> ASSIGNED TASK: In the records below, repeat word for word only the lines starting at the one that contains "сообщества московская найти" and ending at the one that contains "Preventa Xiaomi", pictures excluded.

> DATA PROVIDED:

*** Begin section ***

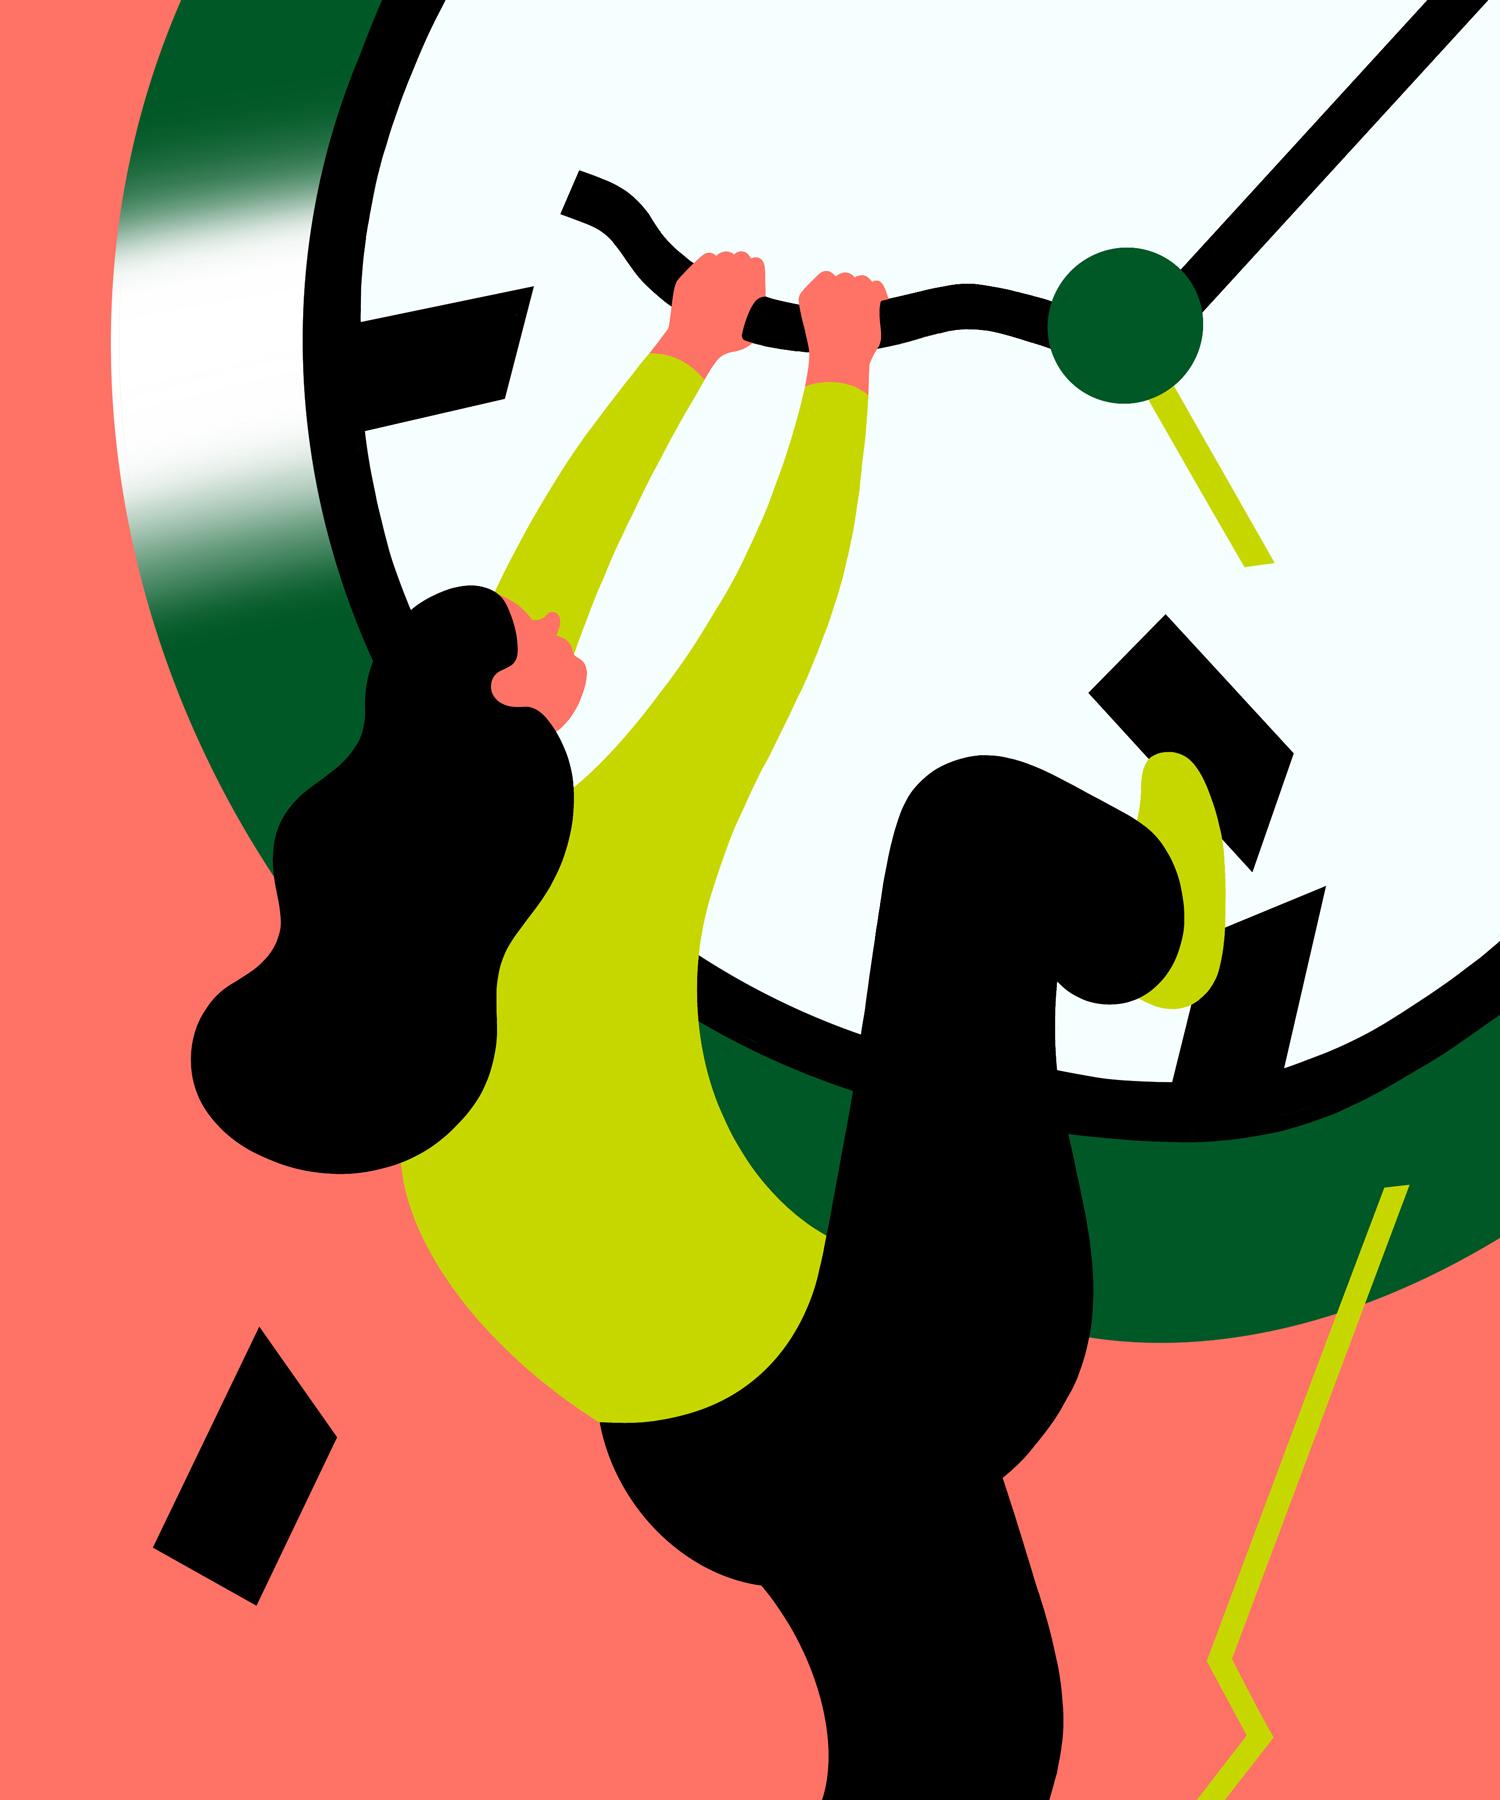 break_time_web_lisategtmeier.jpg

*** End section ***
*** Begin section ***

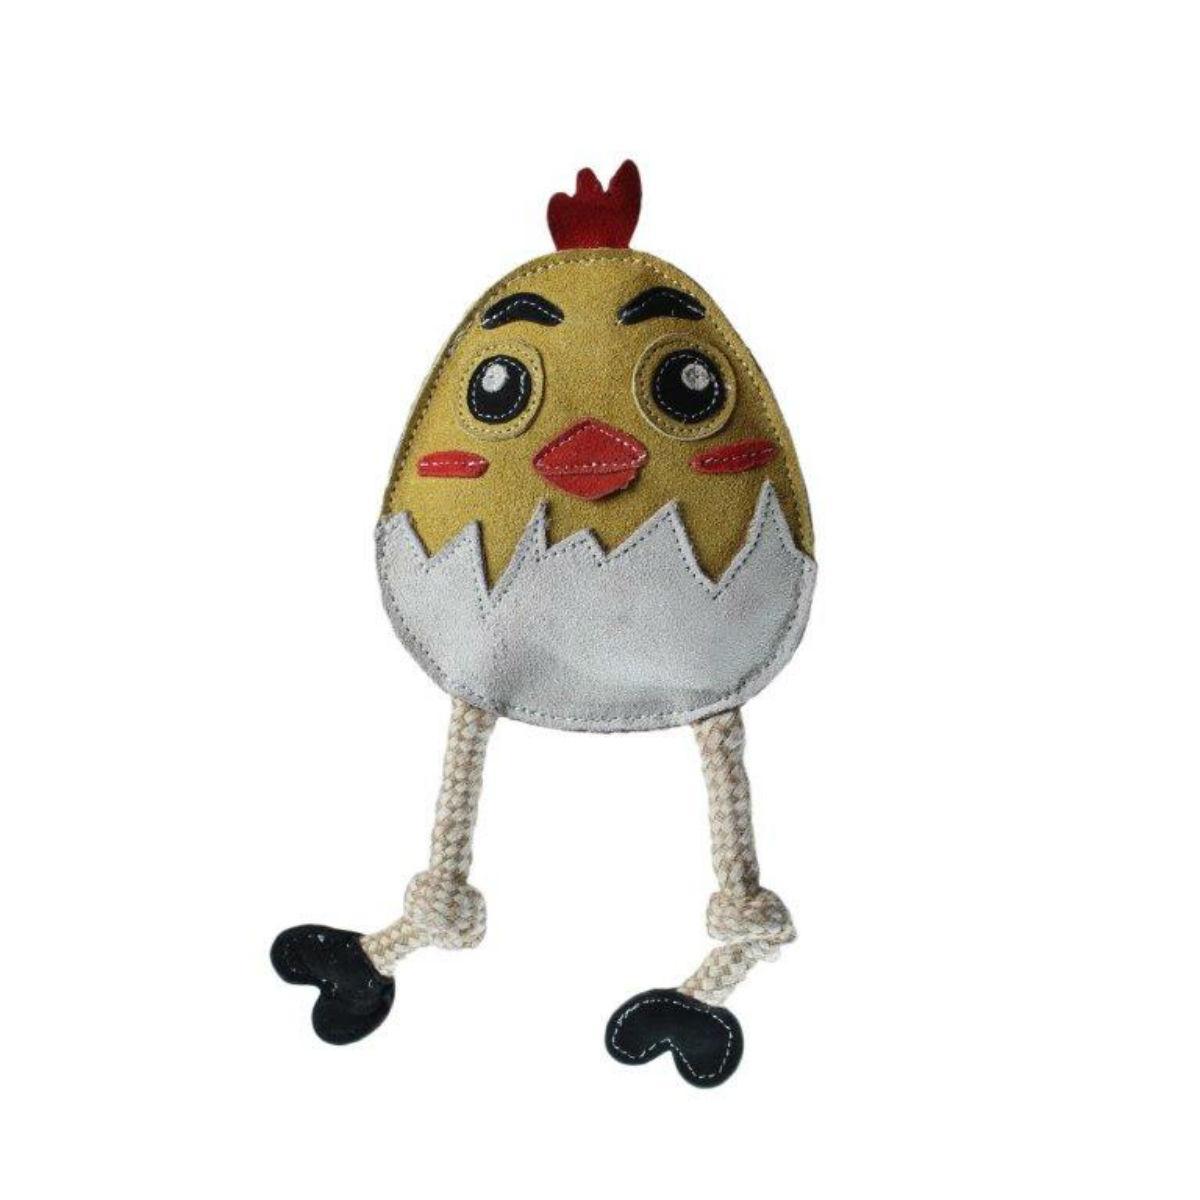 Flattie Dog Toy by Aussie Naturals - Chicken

*** End section ***
*** Begin section ***

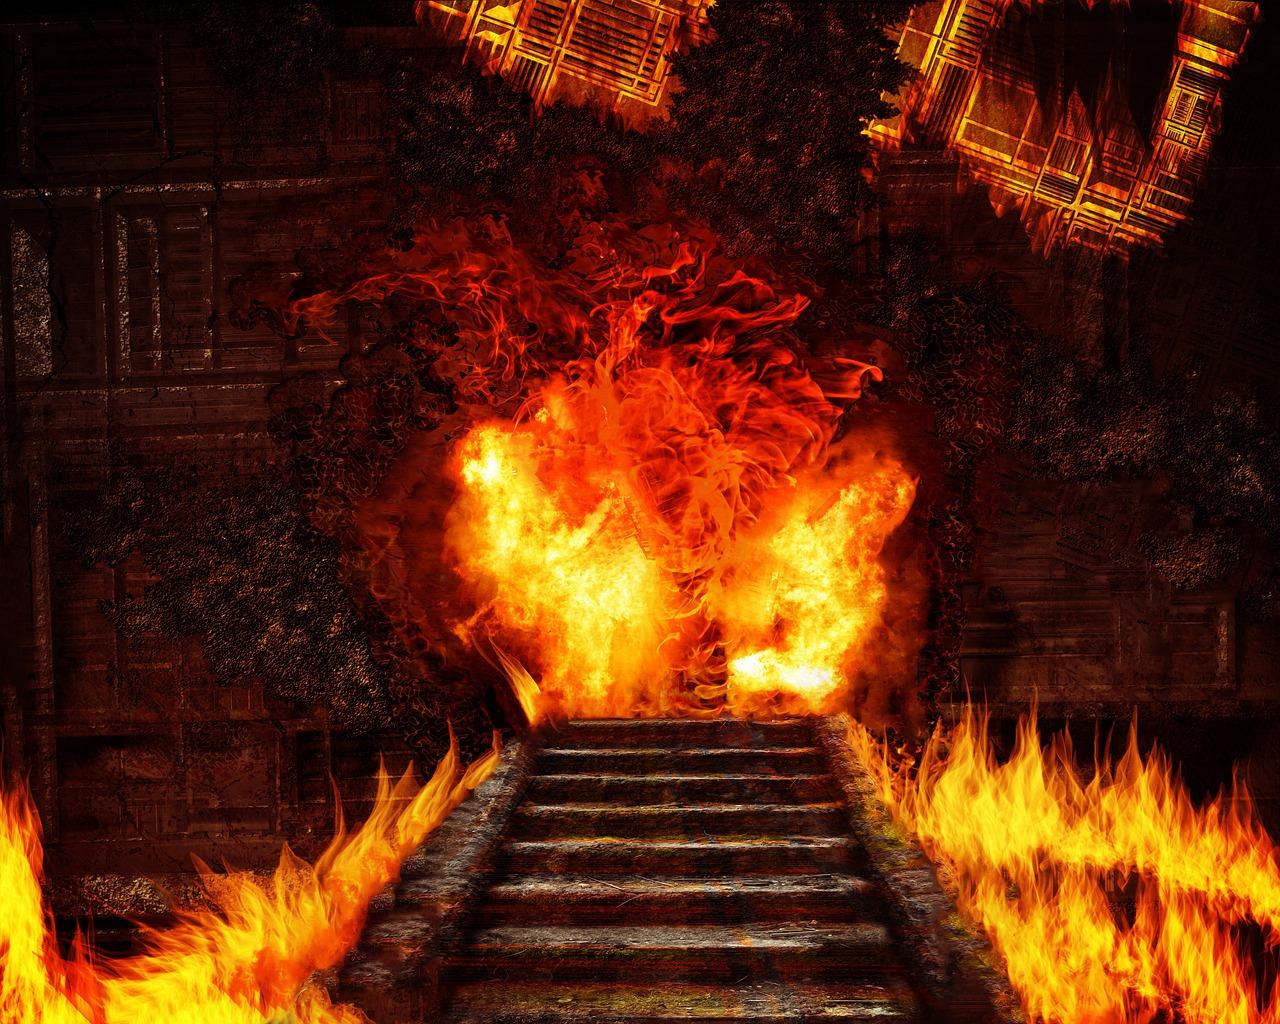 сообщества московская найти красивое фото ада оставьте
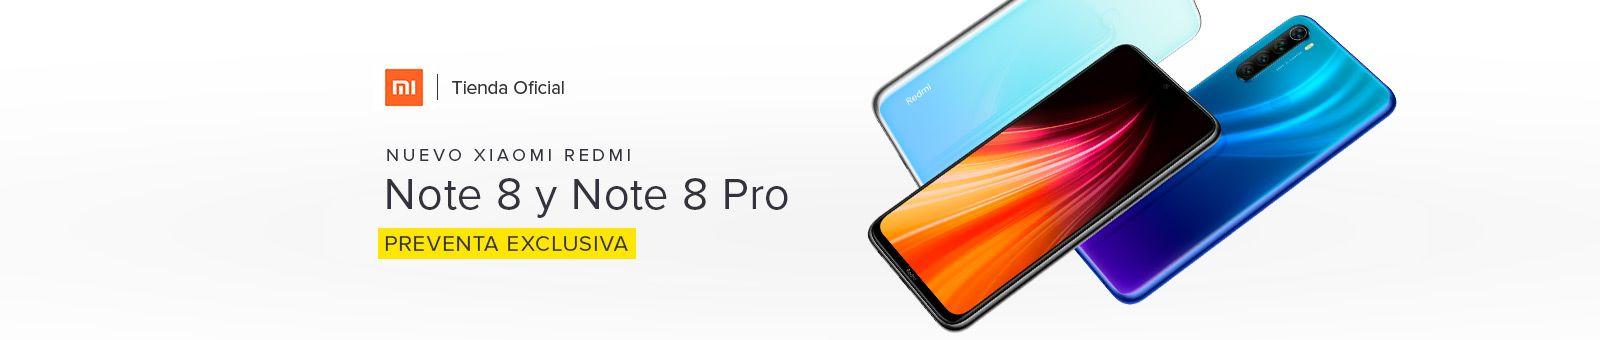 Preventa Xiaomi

*** End section ***

> WRITTEN RESPONSE:
 сообщества московская найти красивое фото ада оставьте
 Preventa Xiaomi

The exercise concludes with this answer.